GC/styrene/NH4(ηηηη5555-C5H5)2FeNCS-M

n+ (M

n+ = Ag

+ or Hg

2+)

electrode: a non enzymatic probe for detection of cholesterol

in solution

6.1 Introduction

Cholesterol and its fatty acids esters are essential structural constituents of cell

membranes and balanced quantity of cholesterol in blood provides durability and

integrity to the cell architecture [1]. They are also precursors of a number of biological

materials like bile acid and steroid hormones. But abnormal values of cholesterol may

also lead to various complicacies in our body. Higher cholesterol concentration is

associated with cardiovascular diseases which include heart attack, stroke, peripheral

vascular disease etc.

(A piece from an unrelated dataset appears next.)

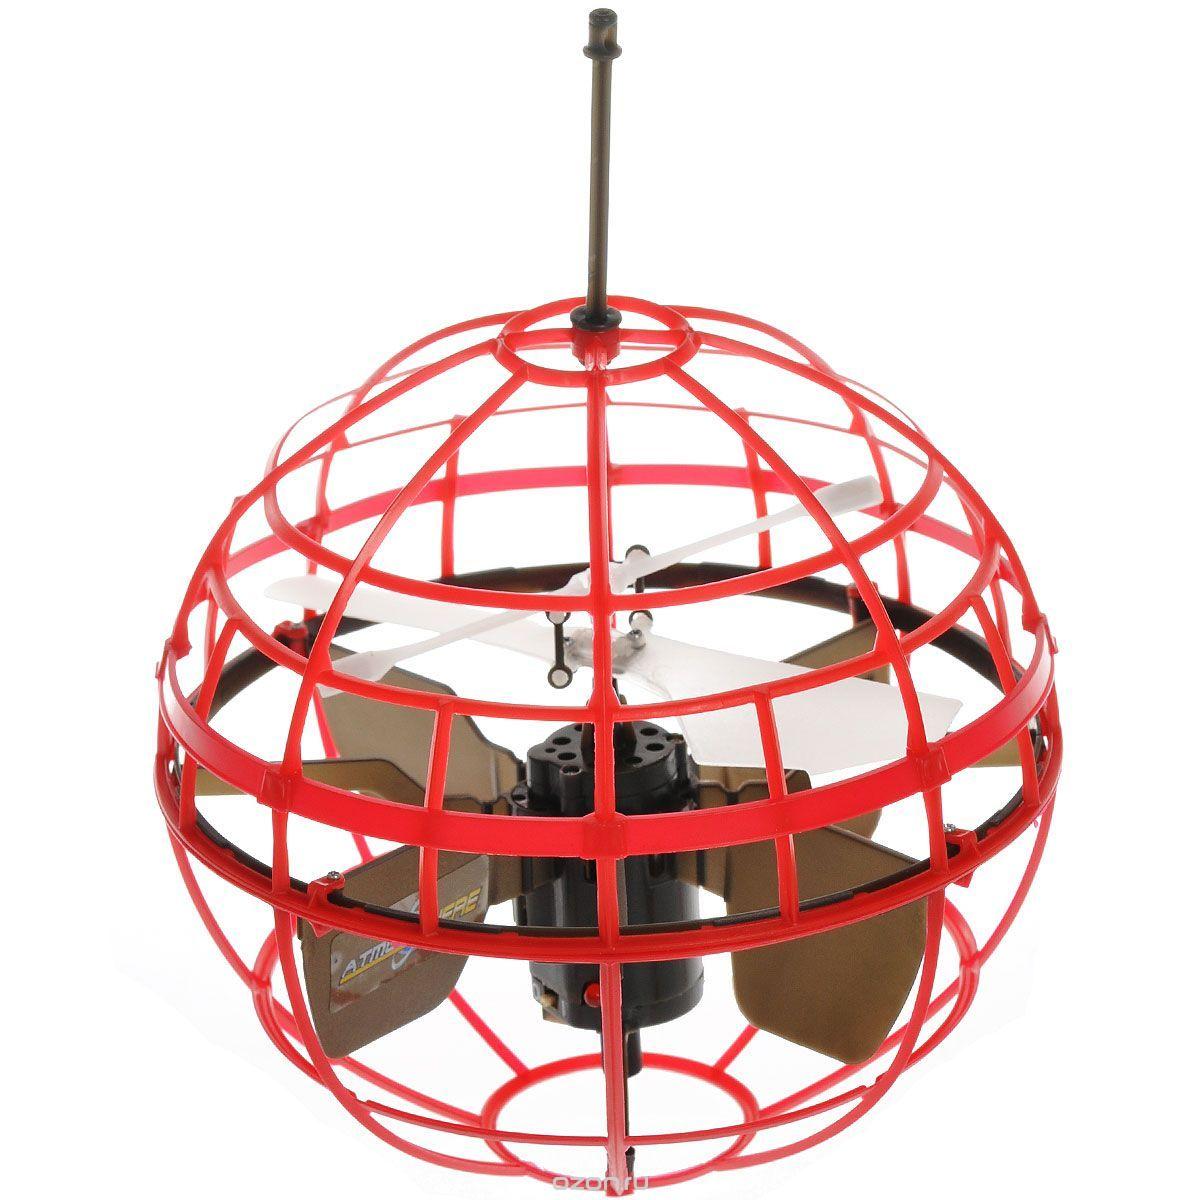 Air Hogs Игрушка на радиоуправлении Atmosphere Axis цвет красный
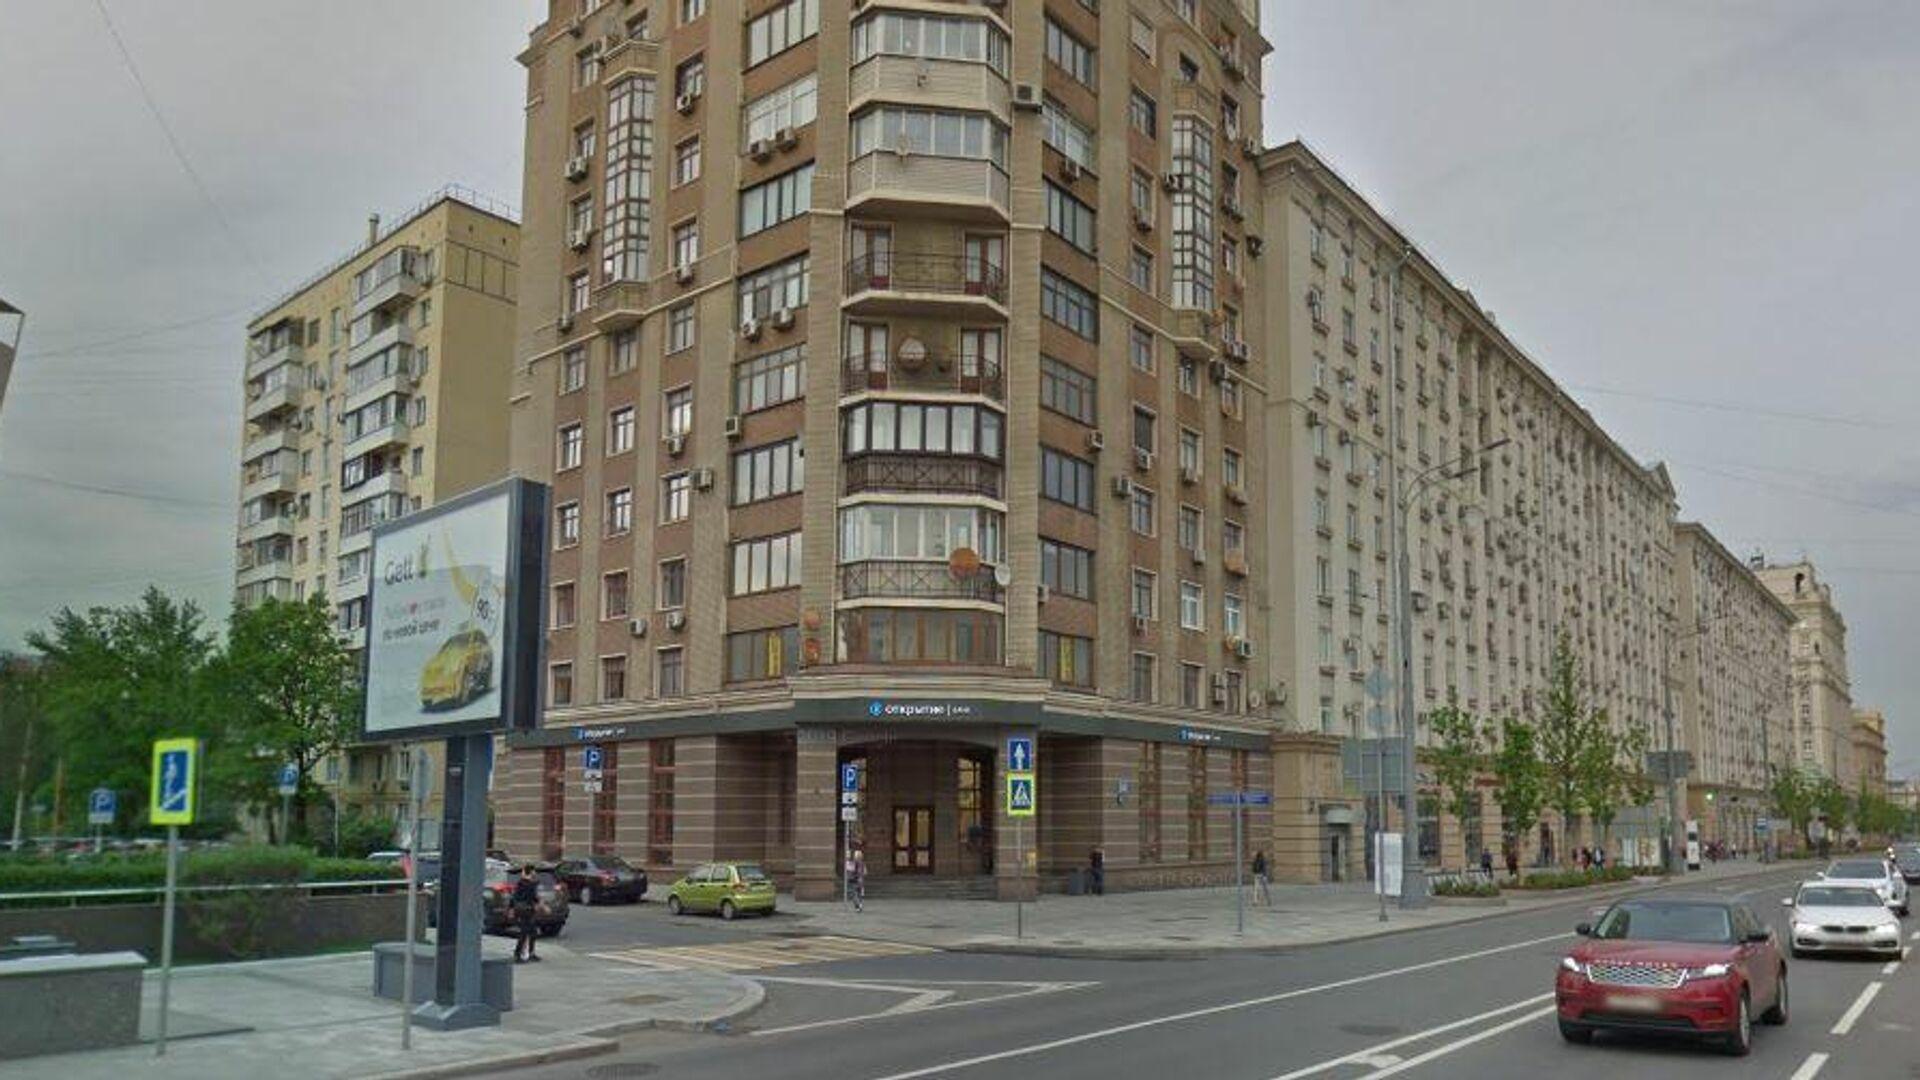 Отделение банка Открытие на Валовой улице, недалеко от Павелецкого вокзала - РИА Новости, 1920, 04.12.2020

Moreover, hypertension, arteriosclerosis, coronary artery disease,

cerebral thrombosis, etc. are also related to abnormal levels of cholesterol in blood. It

also appears to boost the risk of Alzheimer’s disease. High cholesterol level leads to

build up of plaque that narrows the arteries. Besides these, low levels of cholesterol

(less than 40 mg/dL for men and less than 50 mg/dL for women) have also been shown

to increase the risk of heart disease. The alarming rise in the rate of clinical disorders

associated with various heart diseases motivated scientists to develop methods which

are cheap, reliable and sensitive to estimate cholesterol in blood.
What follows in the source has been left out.